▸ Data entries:
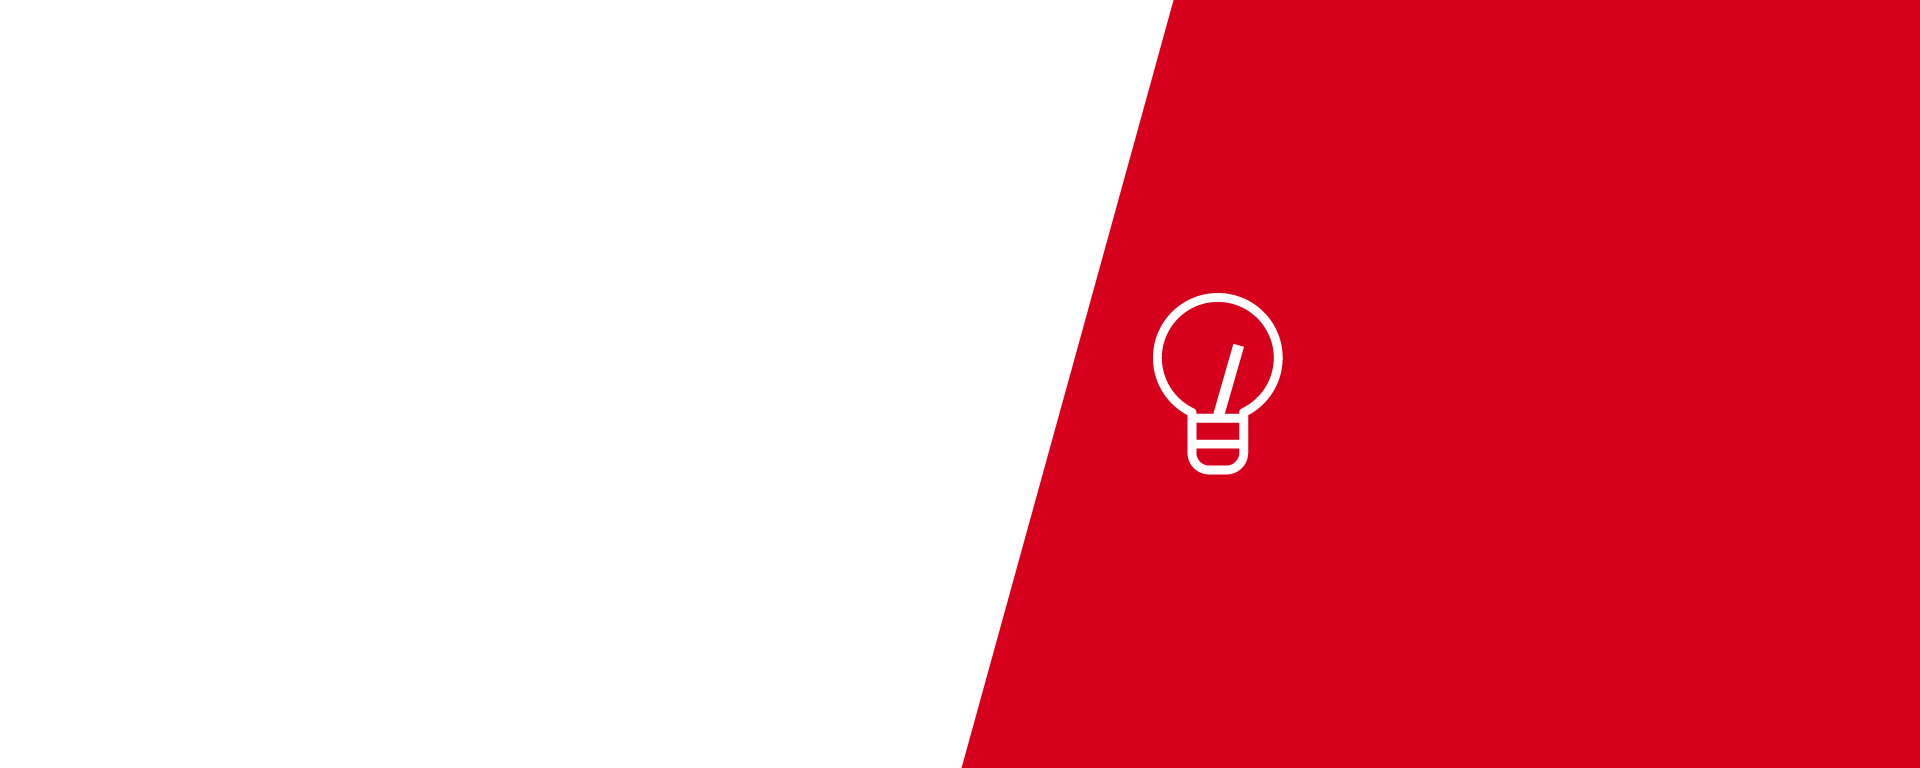 Half white and half red with a lightbulb icon.
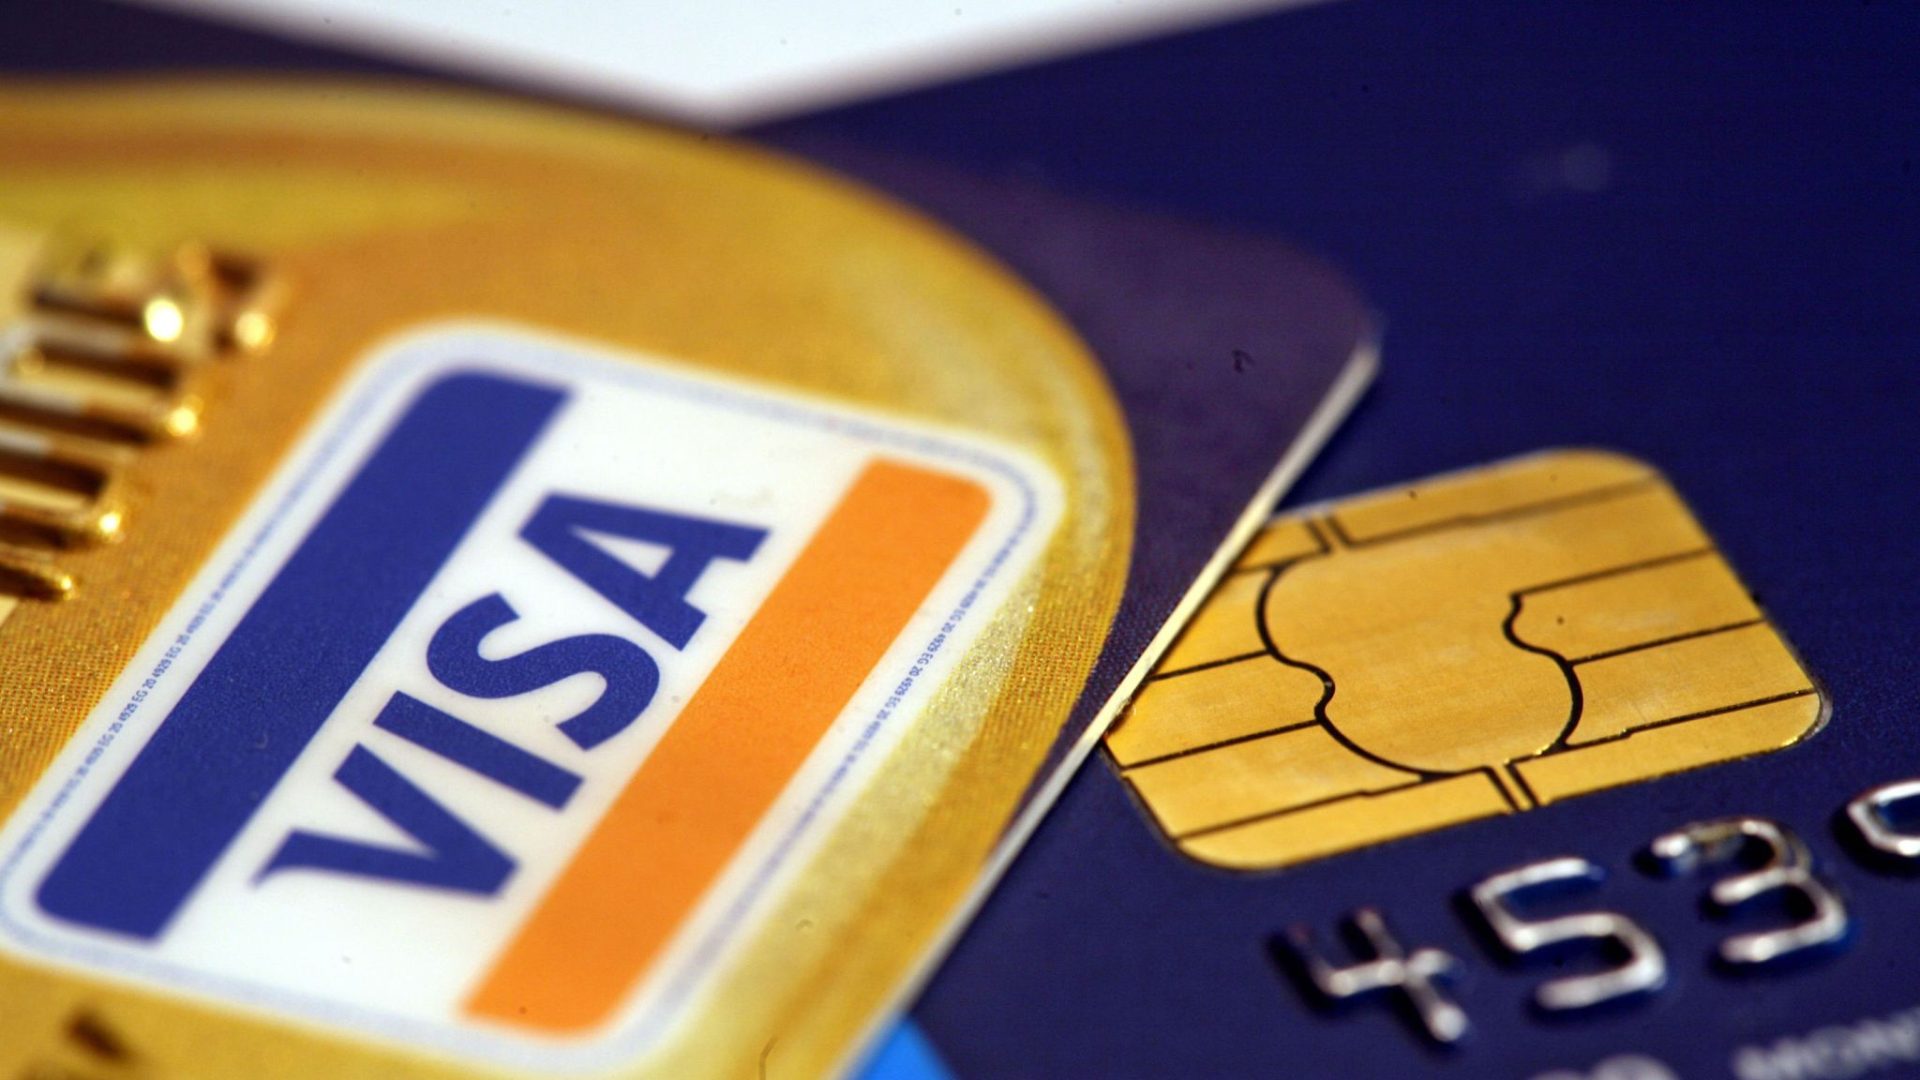 Amazon to stop accepting UK Visa credit card payments from January 2022
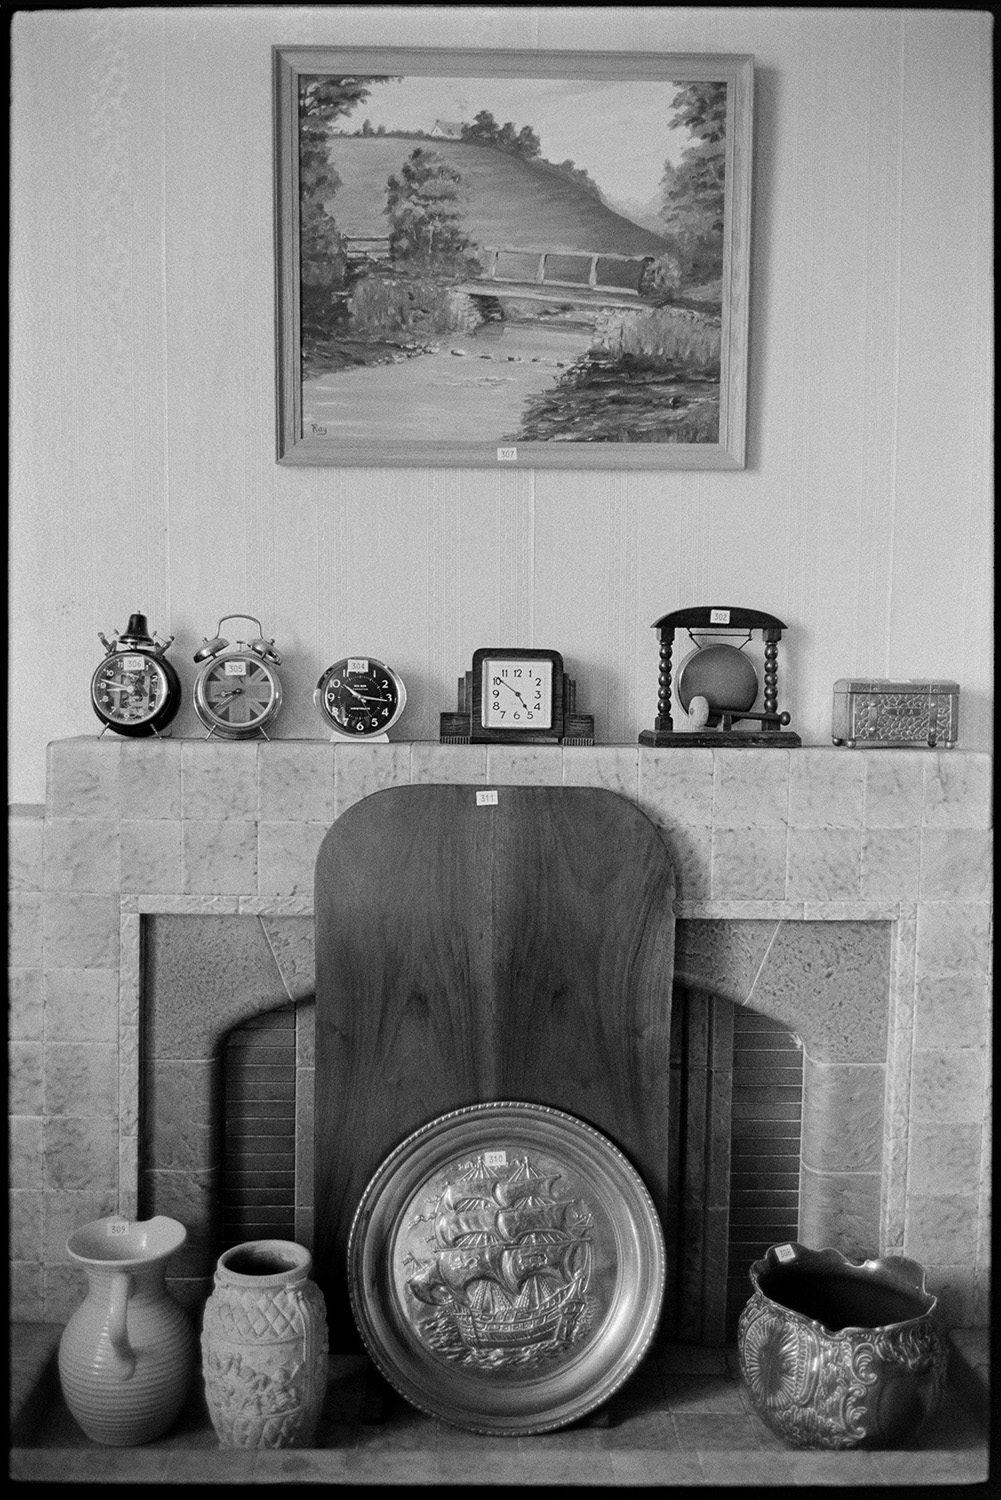 China, clocks and ornaments on viewing day, before house sale fireplace, painting. 
[Jugs, clocks, a gong, metal platter with a ship design and a painting displayed by a fireplace at Arscotts House, Dolton, on the viewing day before the contents of the house are sold.]
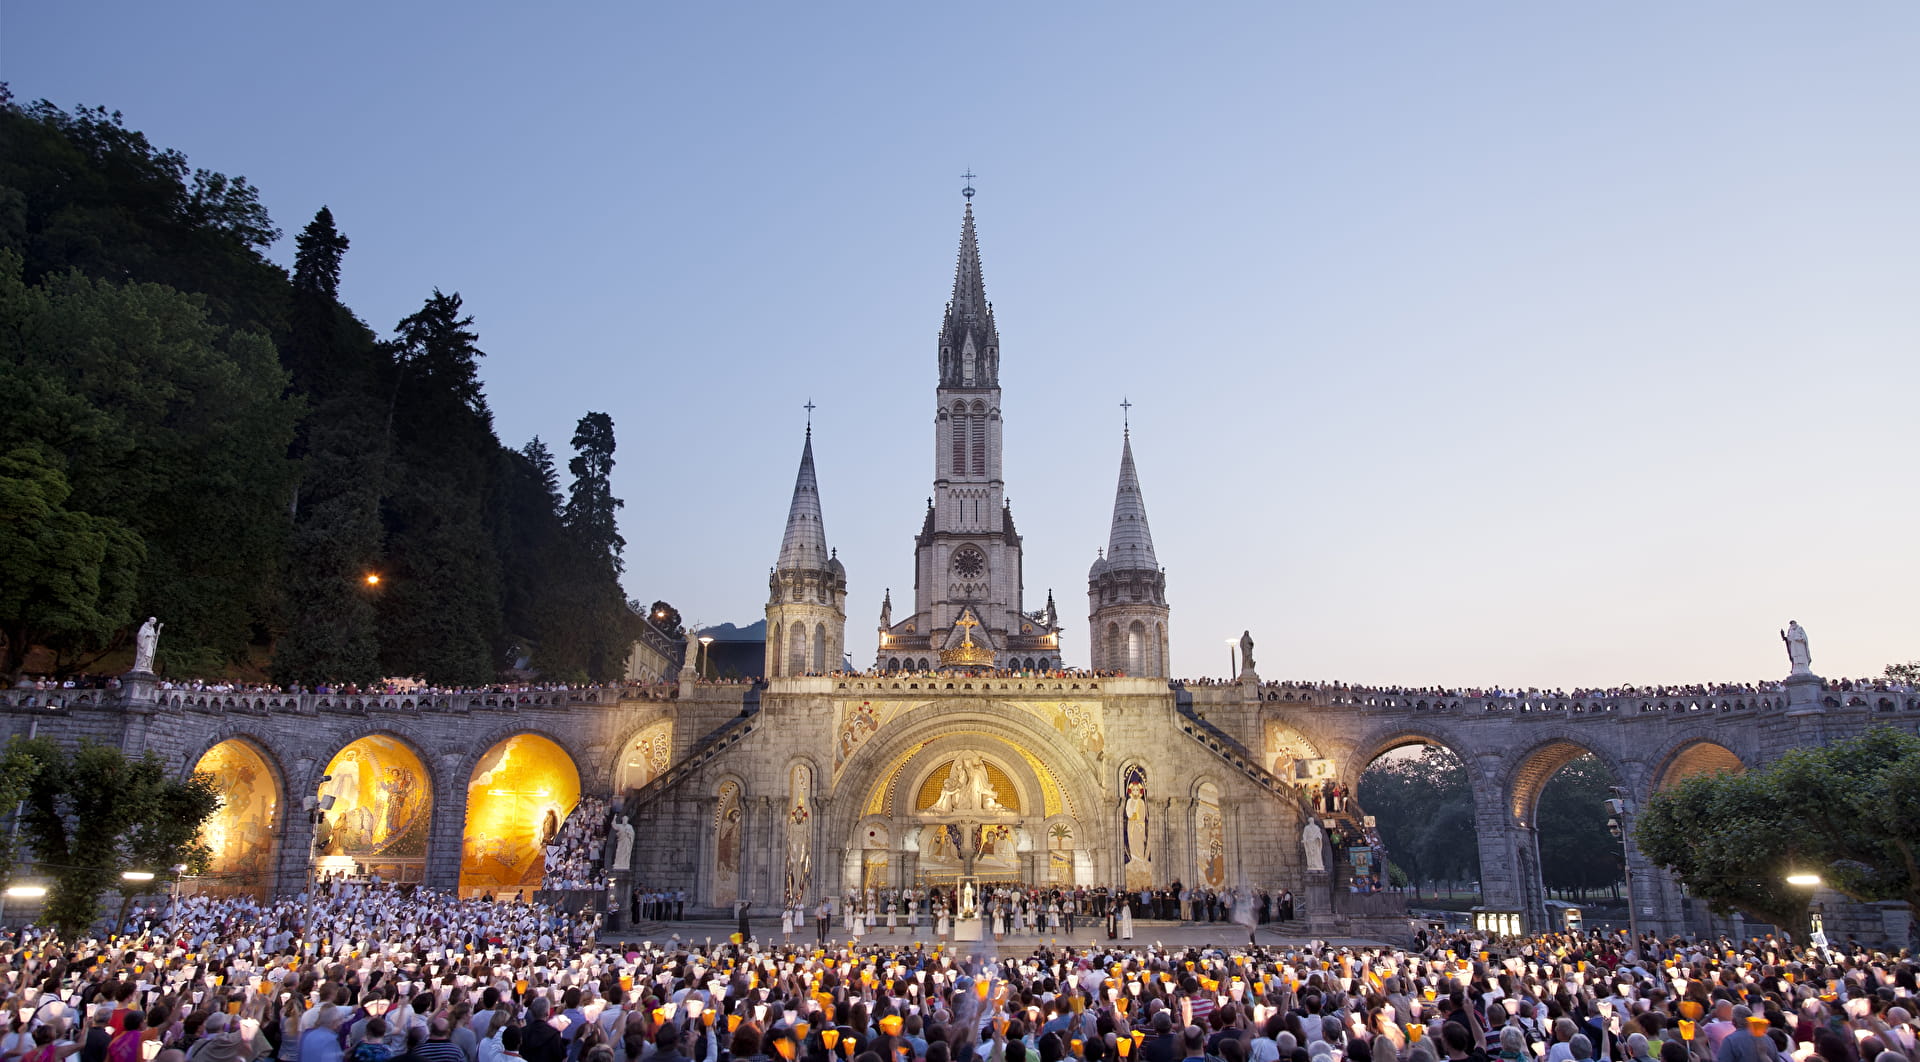 Torchlight procession at the Sanctuary of Lourdes in the Pyrenees
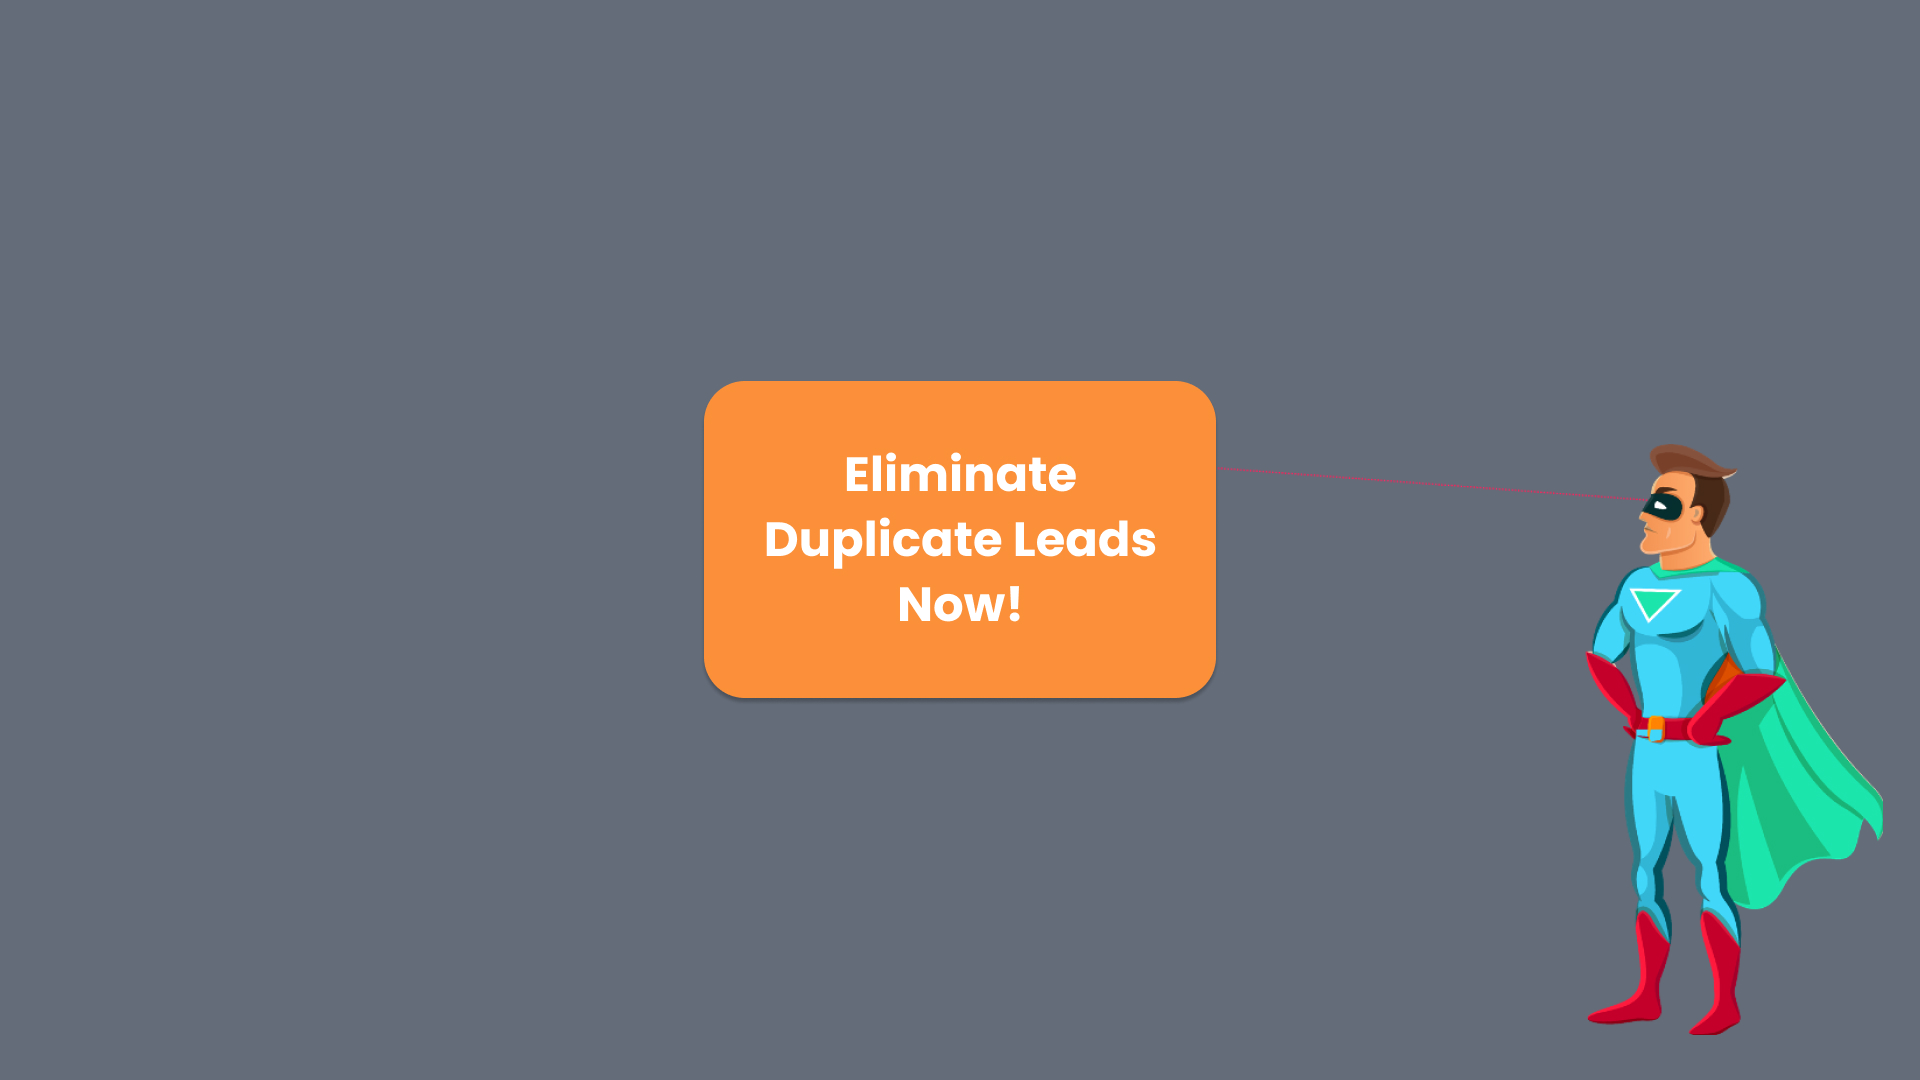 End users can download this Delpha conversation to get superpowers to eliminate duplicate leads inside Salesforce.

▸ REQUIRED ACTION:
Quote the data above in full, leaving out the pictures it holds.

▸ ANSWER:
 Half white and half red with a lightbulb icon.
 Amazon to stop accepting UK Visa credit card payments from January 2022
 China, clocks and ornaments on viewing day, before house sale fireplace, painting. 
[Jugs, clocks, a gong, metal platter with a ship design and a painting displayed by a fireplace at Arscotts House, Dolton, on the viewing day before the contents of the house are sold.]
 Torchlight procession at the Sanctuary of Lourdes in the Pyrenees
 End users can download this Delpha conversation to get superpowers to eliminate duplicate leads inside Salesforce.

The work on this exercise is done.